Switzerland was one of the seventeen nations that competed at the inaugural Summer Paralympic Games in 1960 held in Rome, Italy, from September 19 to 24, 1960. Preparations for the Games began two years prior in 1958 to stage what was at the time called the 9th Annual International Stoke Mandeville Games. The team finished thirteenth in the medal table with a total of four medals, one gold and three silver. The Swiss team consisted of two athletes: Denis Favre, a man who competed in athletics and swimming events, and Simone Knusli, a woman who competed in swimming.

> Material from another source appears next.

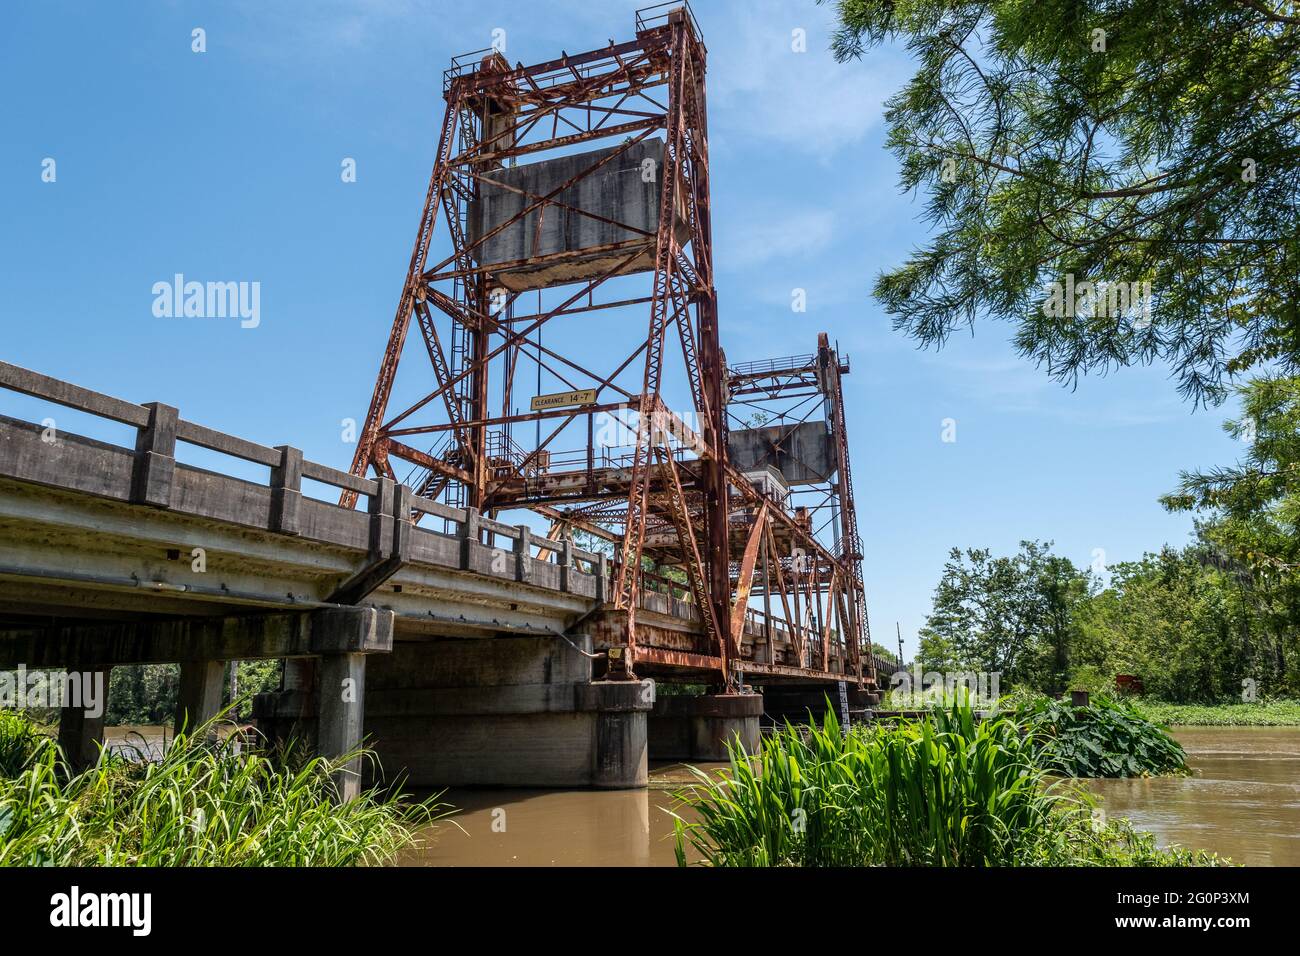 West Pearl River Bridge, construido en 1933, lleva la autopista US 90, Old Spanish Trail que conecta Nueva Orleans con la costa del golfo de Mississippi. Foto de stock

==Disability classifications==

Athletes at the first Paralympics in 1960 were all afflicted by spinal cord injuries and required the use of a wheelchair. This is in contrast to later Paralympics that include events for participants that fit into any of five different disability categories; amputation, either congenital or sustained through injury or illness; cerebral palsy; wheelchair athletes; visual impairment, including blindness; Les autres, any physical disability that does not fall strictly under one of the other categories, for example dwarfism or multiple sclerosis. Each Paralympic sport then has its own classifications, dependent upon the specific physical demands of competition. Events are given a code, made of numbers and letters, describing the type of event and classification of the athletes competing.

==Medalists==

| Medal | Name | Sport | Event |
|---|---|---|---|
| Gold | Denis Favre | Swimming | Men's 50m crawl complete class 5 |
| Silver | Denis Favre | Athletics | Men's javelin throw C |
| Silver | Denis Favre | Athletics | Men's shot put C |
| Silver | Simone Knusli | Swimming | Women's 25m breaststroke complete class 2 |

==Athletics==

Denis Favre took part in two field events; the men's javelin C and the men's shot put C. In the javelin Favre threw 21.71 metres to win the silver medal; gold was won by Enzo Santini of host nation Italy, who threw 22.90 metres, and the bronze medal went to Hepple of Great Britain. Favre also won the silver medal in the shot put; his distance of 8.05 metres split the American pair of Ron Stein and Welger who took gold and bronze medals with distances of 10.13 metres and 7.77 metres respectively.

==Swimming==

Both of the Swiss athletes took part in a swimming event at the Games. Each won a medal as their events contained only three competitors. Denis Favre won the gold medal in the men's 50 metres crawl complete class 5, beating his nearest rival Sznitowski of Argentina by 0.2 seconds. In the women's 25 metres breaststroke complete class 2 Simone Knusli won the silver medal after finishing 2.1 seconds behind the winner of the event, Great Britain's Susan Masham.